▶ WHAT YOU WILL DO
Return all of the entries below exactly as they are given.

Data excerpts
----
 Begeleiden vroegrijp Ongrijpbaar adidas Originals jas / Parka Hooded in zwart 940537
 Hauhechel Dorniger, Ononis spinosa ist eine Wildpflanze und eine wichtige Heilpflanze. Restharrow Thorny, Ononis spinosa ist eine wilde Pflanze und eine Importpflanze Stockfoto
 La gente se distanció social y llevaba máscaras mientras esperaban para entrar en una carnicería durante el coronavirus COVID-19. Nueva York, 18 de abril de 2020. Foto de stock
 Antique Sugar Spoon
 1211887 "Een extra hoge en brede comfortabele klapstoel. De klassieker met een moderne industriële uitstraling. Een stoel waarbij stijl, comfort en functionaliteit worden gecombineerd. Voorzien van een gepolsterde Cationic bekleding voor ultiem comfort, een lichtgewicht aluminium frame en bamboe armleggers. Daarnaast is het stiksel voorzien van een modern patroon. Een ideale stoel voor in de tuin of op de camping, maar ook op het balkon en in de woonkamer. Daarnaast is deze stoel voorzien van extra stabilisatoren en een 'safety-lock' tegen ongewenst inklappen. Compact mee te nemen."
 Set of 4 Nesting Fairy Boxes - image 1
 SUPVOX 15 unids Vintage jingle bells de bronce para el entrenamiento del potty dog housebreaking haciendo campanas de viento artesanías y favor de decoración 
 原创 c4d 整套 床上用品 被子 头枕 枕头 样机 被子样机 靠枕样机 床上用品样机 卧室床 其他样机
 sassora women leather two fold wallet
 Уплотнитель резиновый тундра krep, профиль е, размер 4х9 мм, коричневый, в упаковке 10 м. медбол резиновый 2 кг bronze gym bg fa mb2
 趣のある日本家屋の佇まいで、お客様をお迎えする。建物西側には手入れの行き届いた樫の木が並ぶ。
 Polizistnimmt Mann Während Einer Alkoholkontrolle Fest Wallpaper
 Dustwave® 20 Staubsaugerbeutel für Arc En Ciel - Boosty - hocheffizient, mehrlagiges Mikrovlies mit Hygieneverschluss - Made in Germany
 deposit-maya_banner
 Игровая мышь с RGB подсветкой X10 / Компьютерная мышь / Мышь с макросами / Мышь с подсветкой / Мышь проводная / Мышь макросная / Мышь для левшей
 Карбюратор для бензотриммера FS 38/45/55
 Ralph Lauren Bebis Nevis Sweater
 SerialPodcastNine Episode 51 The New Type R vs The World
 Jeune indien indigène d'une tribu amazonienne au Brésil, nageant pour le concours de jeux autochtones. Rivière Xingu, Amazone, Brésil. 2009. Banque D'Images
----
▶ FINISHED TASK
 Begeleiden vroegrijp Ongrijpbaar adidas Originals jas / Parka Hooded in zwart 940537
 Hauhechel Dorniger, Ononis spinosa ist eine Wildpflanze und eine wichtige Heilpflanze. Restharrow Thorny, Ononis spinosa ist eine wilde Pflanze und eine Importpflanze Stockfoto
 La gente se distanció social y llevaba máscaras mientras esperaban para entrar en una carnicería durante el coronavirus COVID-19. Nueva York, 18 de abril de 2020. Foto de stock
 Antique Sugar Spoon
 1211887 "Een extra hoge en brede comfortabele klapstoel. De klassieker met een moderne industriële uitstraling. Een stoel waarbij stijl, comfort en functionaliteit worden gecombineerd. Voorzien van een gepolsterde Cationic bekleding voor ultiem comfort, een lichtgewicht aluminium frame en bamboe armleggers. Daarnaast is het stiksel voorzien van een modern patroon. Een ideale stoel voor in de tuin of op de camping, maar ook op het balkon en in de woonkamer. Daarnaast is deze stoel voorzien van extra stabilisatoren en een 'safety-lock' tegen ongewenst inklappen. Compact mee te nemen."
 Set of 4 Nesting Fairy Boxes - image 1
 SUPVOX 15 unids Vintage jingle bells de bronce para el entrenamiento del potty dog housebreaking haciendo campanas de viento artesanías y favor de decoración 
 原创 c4d 整套 床上用品 被子 头枕 枕头 样机 被子样机 靠枕样机 床上用品样机 卧室床 其他样机
 sassora women leather two fold wallet
 Уплотнитель резиновый тундра krep, профиль е, размер 4х9 мм, коричневый, в упаковке 10 м. медбол резиновый 2 кг bronze gym bg fa mb2
 趣のある日本家屋の佇まいで、お客様をお迎えする。建物西側には手入れの行き届いた樫の木が並ぶ。
 Polizistnimmt Mann Während Einer Alkoholkontrolle Fest Wallpaper
 Dustwave® 20 Staubsaugerbeutel für Arc En Ciel - Boosty - hocheffizient, mehrlagiges Mikrovlies mit Hygieneverschluss - Made in Germany
 deposit-maya_banner
 Игровая мышь с RGB подсветкой X10 / Компьютерная мышь / Мышь с макросами / Мышь с подсветкой / Мышь проводная / Мышь макросная / Мышь для левшей
 Карбюратор для бензотриммера FS 38/45/55
 Ralph Lauren Bebis Nevis Sweater
 SerialPodcastNine Episode 51 The New Type R vs The World
 Jeune indien indigène d'une tribu amazonienne au Brésil, nageant pour le concours de jeux autochtones. Rivière Xingu, Amazone, Brésil. 2009. Banque D'Images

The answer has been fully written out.